A counter that is employed to resolve Duplicate Address Detection (DAD) conflicts. It MUST be initialized to 0, and incremented by 1 for each new tentative address that is configured as a result of a DAD conflict. Implementations that record DAD_Counter in non-volatile memory for each {Prefix, Net_Iface, Network_ID} tuple MUST initialize DAD_Counter to the recorded value if such an entry exists in non-volatile memory. See Section 6 for additional details.


A secret key that is not known by the attacker. The secret key SHOULD be of at least 128 bits. It MUST be initialized to a pseudo-random number (see [RFC4086] for randomness requirements for security) when the operating system is installed or when the IPv6 protocol stack is "bootstrapped" for the first time. An implementation MAY provide the means for the system administrator to display and change the secret key.

  1. The Interface Identifier is finally obtained by taking as many bits from the RID value (computed in the previous step) as necessary, starting from the least significant bit.

We note that [RFC4291] requires that the Interface IDs of all unicast addresses (except those that start with the binary value 000) be 64 bits long. However, the method discussed in this document could be employed for generating Interface IDs of any arbitrary length, albeit at the expense of reduced entropy (when employing Interface IDs smaller than 64 bits).

The resulting Interface Identifier SHOULD be compared against the reserved IPv6 Interface Identifiers [RFC5453] [IANA-RESERVED-IID] and against those Interface Identifiers already employed in an address of the same network interface and the same network prefix. In the event that an unacceptable identifier has been generated, this situation SHOULD be handled in the same way as the case of duplicate addresses (see Section 6).

This document does not require the use of any specific PRF for the function F() above, since the choice of such PRF is usually a trade- off between a number of properties (processing requirements, ease of implementation, possible intellectual property rights, etc.), and since the best possible choice for F() might be different for different types of devices (e.g., embedded systems vs. regular servers) and might possibly change over time.

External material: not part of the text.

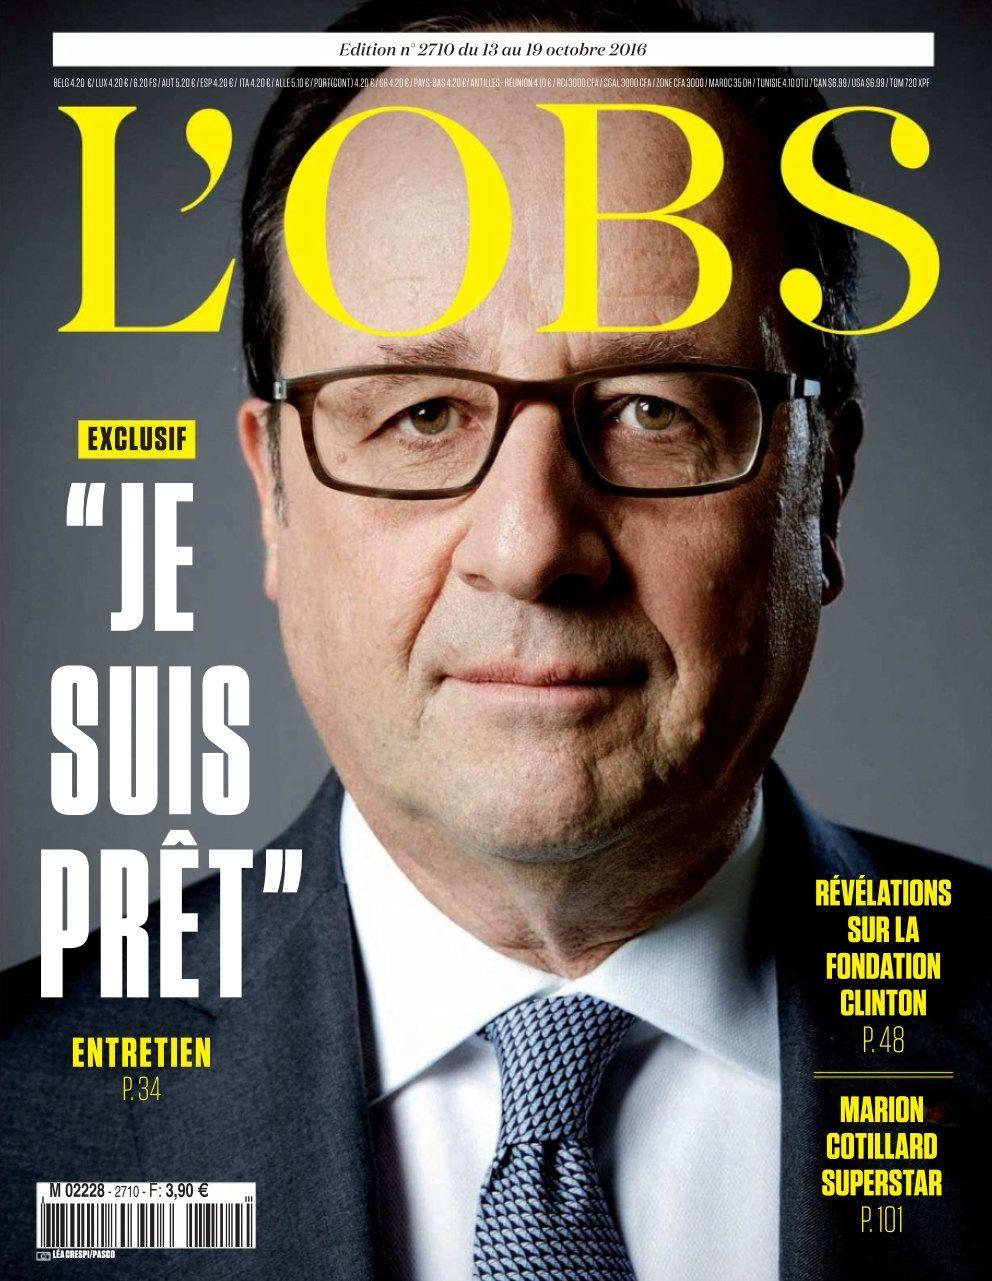 NUR ALS ZITAT! / EINMALIGE VERWENDUNG Hollande / Buch / 2016 / L`OBS Cover

Including the SLAAC prefix in the PRF computation causes the Interface Identifier to vary across each prefix (link-local, global, etc.) employed by the host and, consequently, also across networks. This mitigates the correlation of activities of multihomed hosts (since each of the corresponding addresses will typically employ a different prefix), host-tracking (since the network prefix will change as the host moves from one network to another), and any other attacks that benefit from predictable Interface Identifiers (such as IPv6 address-scanning attacks).

The Net_Iface is a value that identifies the network interface for which an IPv6 address is being generated. The following properties are required for the Net_Iface parameter:

  • It MUST be constant across system bootstrap sequences and other network events (e.g., bringing another interface up or down).
  • It MUST be different for each network interface simultaneously in use.

Since the stability of the addresses generated with this method relies on the stability of all arguments of F(), it is key that the Net_Iface parameter be constant across system bootstrap sequences and other network events. Additionally, the Net_Iface parameter must uniquely identify an interface within the host, such that two interfaces connecting to the same network do not result in duplicate addresses. Different types of operating systems might benefit from different stability properties of the Net_Iface parameter. For example, a client-oriented operating system might want to employ Net_Iface identifiers that are attached to the NIC, such that a removable NIC always gets the same IPv6 address, irrespective of the system communications port to which it is attached. On the other hand, a server-oriented operating system might prefer Net_Iface identifiers that are attached to system slots/ports, such that replacement of a NIC does not result in an IPv6 address change. Appendix A discusses possible sources for the Net_Iface along with their pros and cons.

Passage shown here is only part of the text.